Anyone who thinks a "server" in MMO user terms is actually a single, physical server that looks and acts like your home PC, is seriously fooling themselves. =)
In most MMO's from around the XI era, each zone is one or more physical blade machines controlled by one or more world servers, which are themselves dependent on additional servers for chat, authentication, trade, etc.
It's not uncommon for "a server" in user terms to be 50 or more physical boxes, many of which have to be brought up and launched in a certain order. Not in mass parallel all at once. An hour or more to "reboot the server," is therefore completely reasonable. Especially if any one of those restarts doesn't go precisely as planned and the whole thing has to be started over.
It's vanishingly unlikely that XI is still running on the same physical boxes as when it was launched, so the problem isn't hardware, but more likely, overall system architecture.

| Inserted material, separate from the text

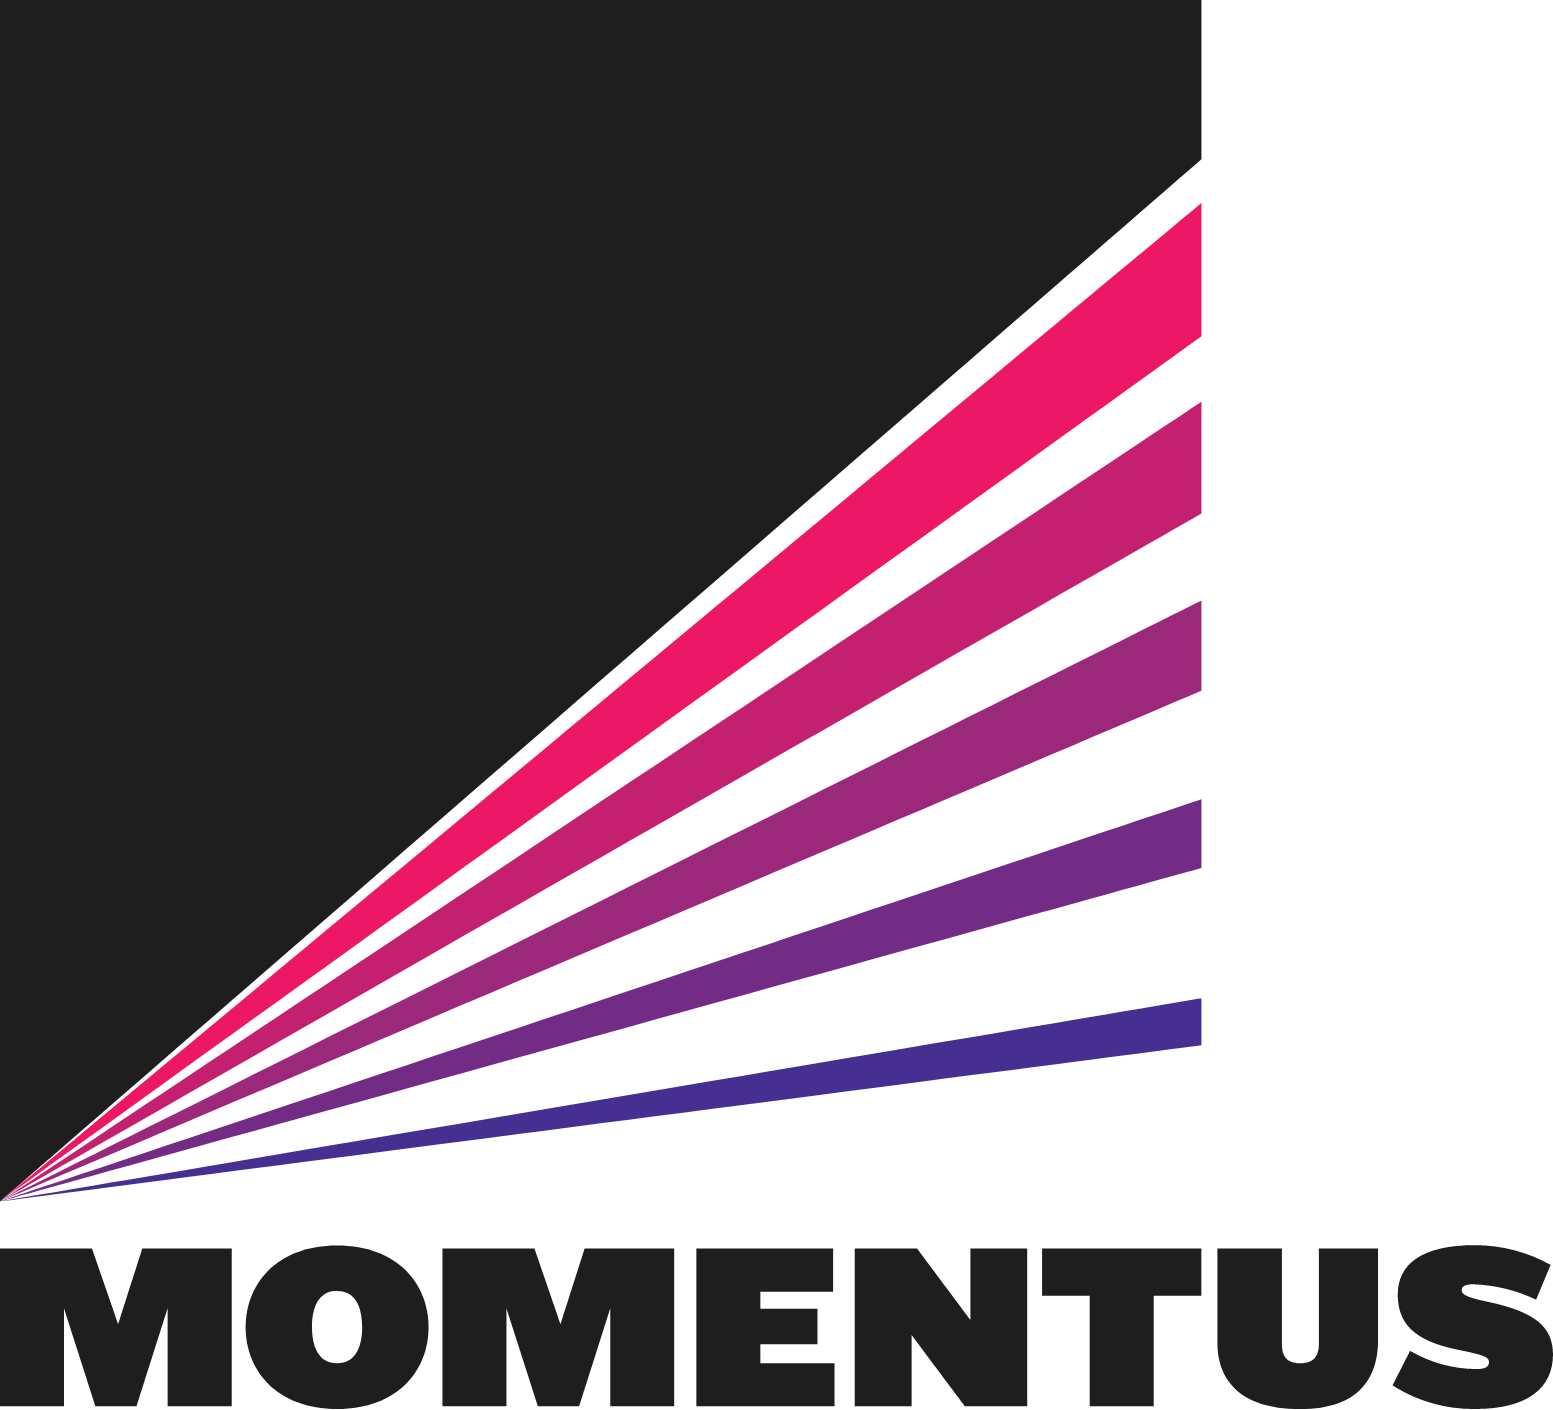 Momentus logo large (transparent PNG)

It's the sheer size of the operation and the length of the checklist that has to go into it.
These days, more modern MMO's with higher engineering budgets architect themselves with the understanding (in hindsight) that certain types of patches are more common in industry operation than others, and that scope and breadth of the world will always grow with time. Thus, they're engineered so that different types of patches and different types of outages will only effect a minimal amount of servers with the least amount of downtime. It's even possible for some simple numbers or script-related fixes, like tweaks to item or combat stats, to be done without a reboot at all.
XI (and XIV, as it seems they didn't learn much) comes from an older era, and so the whole thing likely needs to be bounced in series every time there's an issue.